Remotion Captions & Subtitles — AI-Powered Video Subtitles
AI skill for generating and rendering captions in Remotion videos. Supports transcription, word-level timing, and styled subtitle export.
What it is
Remotion Captions is an AI skill for generating and rendering subtitles in Remotion videos. It handles transcription with word-level timing, styled subtitle rendering, and export within the Remotion React-based video framework. You feed it audio, it produces timed captions that render as animated text overlays in your video.
This skill targets developers building programmatic videos with Remotion who need automated captioning. It is part of the official Remotion Agent Skill set, designed to work within AI-assisted video production workflows.
Why it saves time or tokens
Manually timing subtitles frame-by-frame is one of the most tedious tasks in video production. This skill automates the entire pipeline: transcribe audio, align words to timestamps, and render styled captions. For AI agents generating videos programmatically, this reduces a multi-hour manual process to a single function call.
How to use
- Set up a Remotion project with the
@remotion/captionspackage installed - Provide the audio source for transcription (supports Whisper and other transcription backends)
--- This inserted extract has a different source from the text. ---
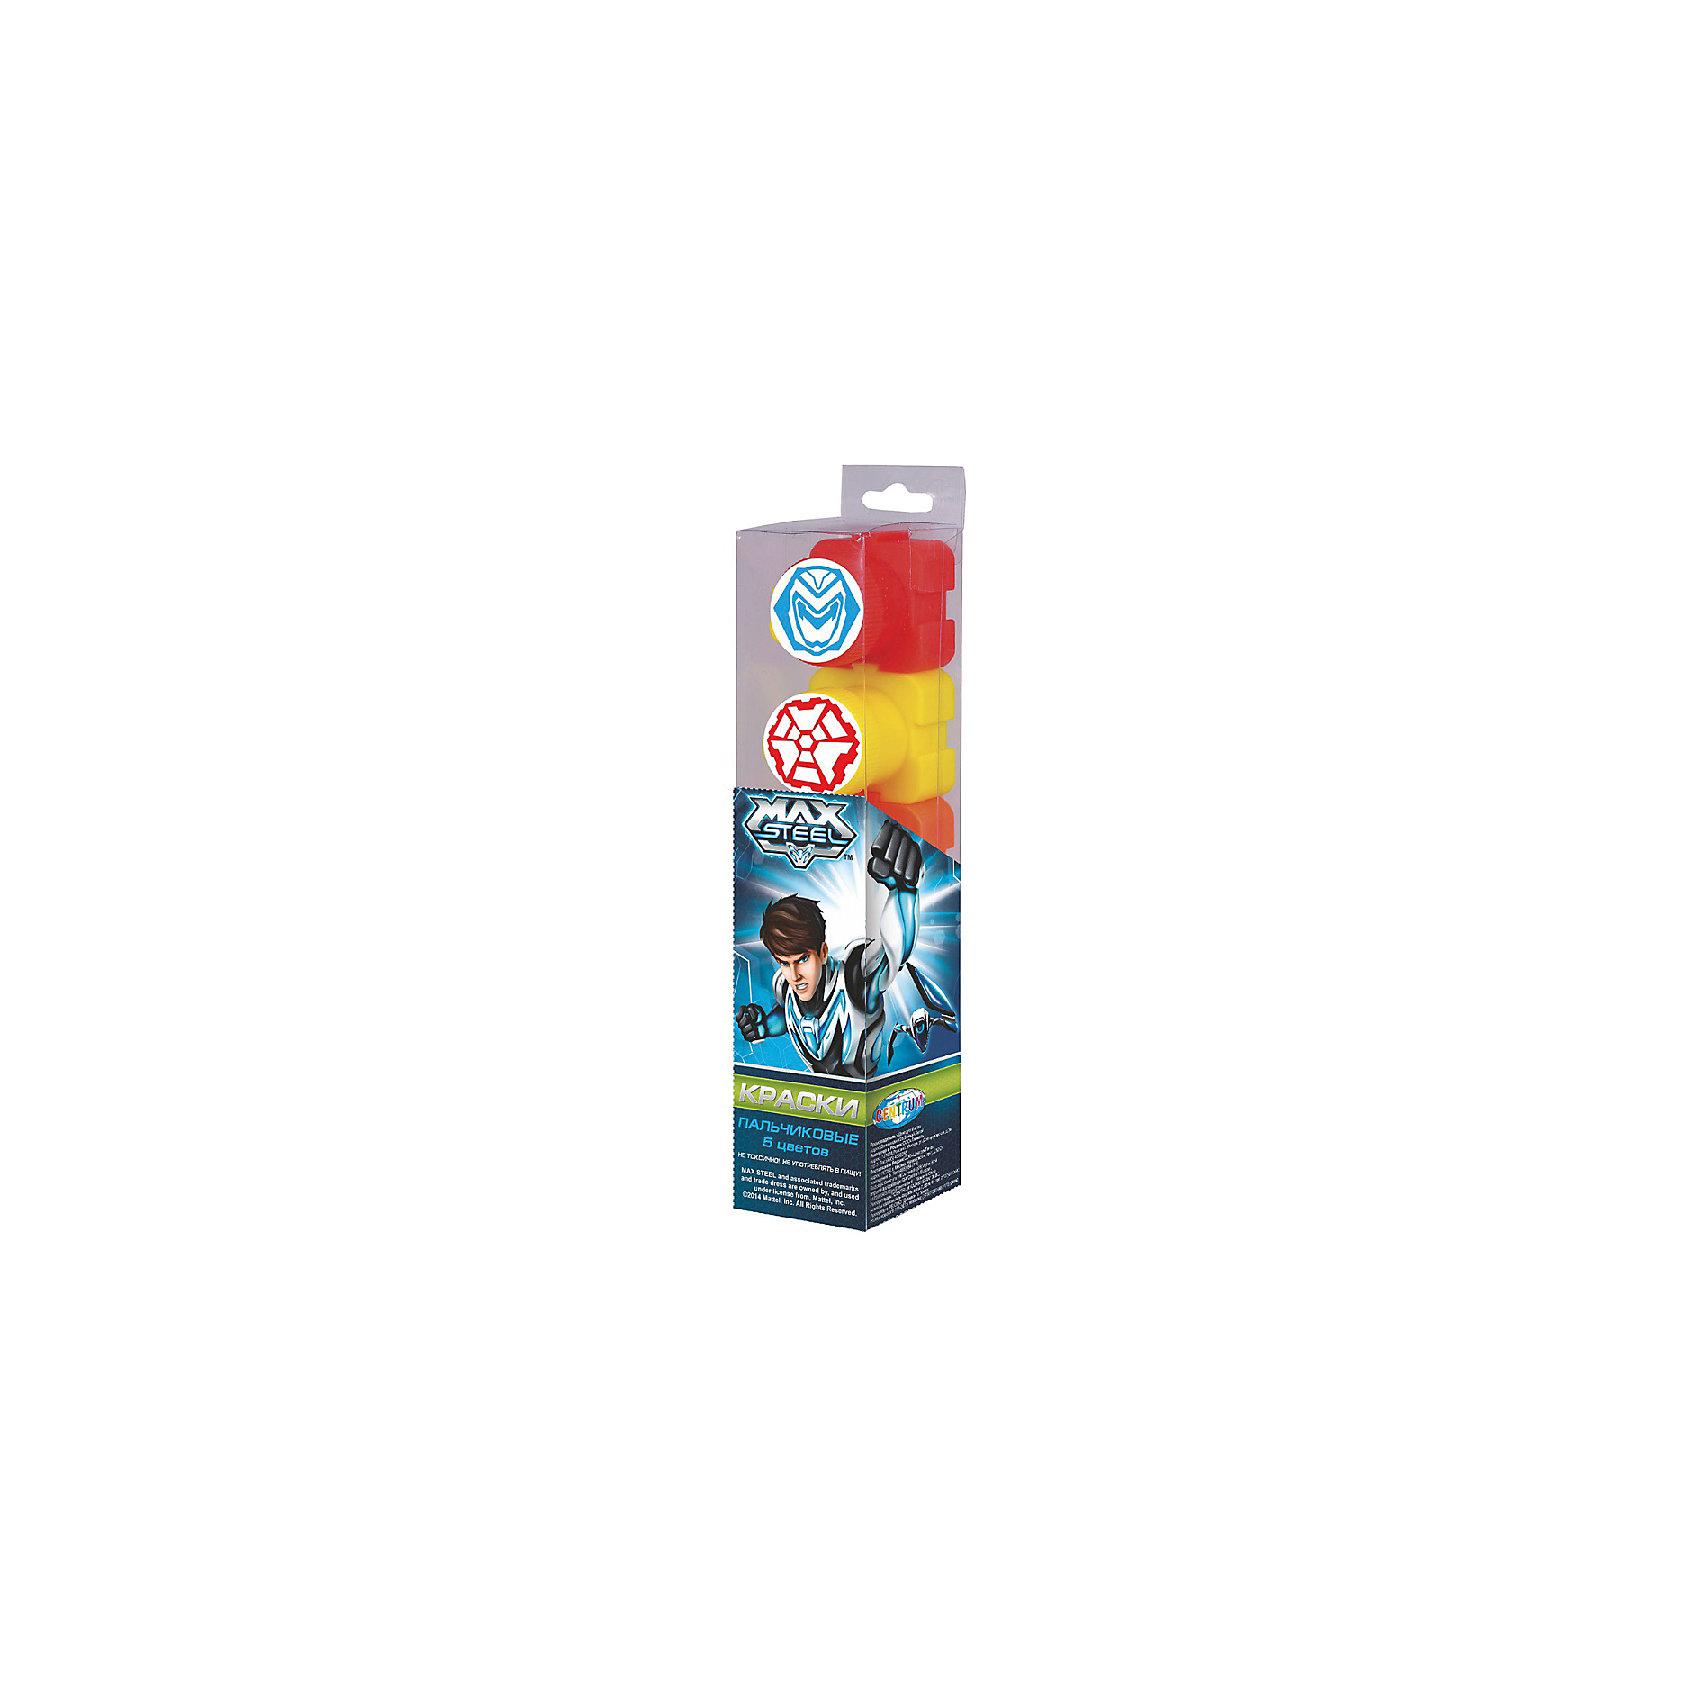 CENTRUM Пальчиковые краски со штампами (5 цветов х 20мл), Max Steel краски спейс краски пальчиковые 6 цветов сенсорные

- Use the caption components in your Remotion composition to render timed subtitles
Example
import { Subtitle } from '@remotion/captions';
import { useVideoConfig } from 'remotion';
const MyVideo = () => {
const { fps } = useVideoConfig();
const captions = [
{ text: 'Hello world', startMs: 0, endMs: 1500 },
{ text: 'This is automated', startMs: 1600, endMs: 3000 },
];
return (
<div style={{ position: 'relative' }}>
<Subtitle
captions={captions}
fps={fps}
style={{
fontSize: 48,
color: 'white',
textShadow: '2px 2px 4px black'
}}
/>
</div>
);
};
| Feature | Description |
|---|---|
| Word-level timing | Each word has start/end timestamps |
| Custom styling | CSS-based font, color, shadow |
| Animation | Fade, pop, highlight effects |
| Multi-language | Works with any transcription language |
Related on TokRepo
- AI tools for video — video production and editing tools curated on TokRepo
- AI tools for content — content creation tools for AI-assisted workflows
Common pitfalls
- Transcription accuracy depends on audio quality; noisy backgrounds or multiple speakers reduce word-level timing precision
- Custom fonts must be loaded before rendering; use the Remotion font loading system or captions will render in the default system font
- Long videos with many caption segments can slow down the Remotion preview; use composition splitting for videos over 5 minutes
Frequently Asked Questions
Remotion Captions works with transcription output from Whisper, Deepgram, and other services that produce word-level timestamps. The caption system consumes a JSON array of timed words, so any transcription backend that outputs start and end times per word is compatible.
Yes. Captions are rendered as React components with full CSS styling support. You control font size, color, background, shadow, position, and animation. Since Remotion uses React, you can build custom caption components with any visual effect that CSS and React support.
Yes. This skill is designed for the Remotion Agent Skill ecosystem. An AI agent can generate a video script, synthesize speech, transcribe it for timing, and render captions automatically. The entire pipeline can run without human intervention.
Accuracy depends on the transcription backend. Whisper typically achieves within 50-100ms accuracy for word boundaries on clean audio. Background noise, music, or overlapping speech reduces accuracy. Post-processing alignment tools can improve timing for difficult audio.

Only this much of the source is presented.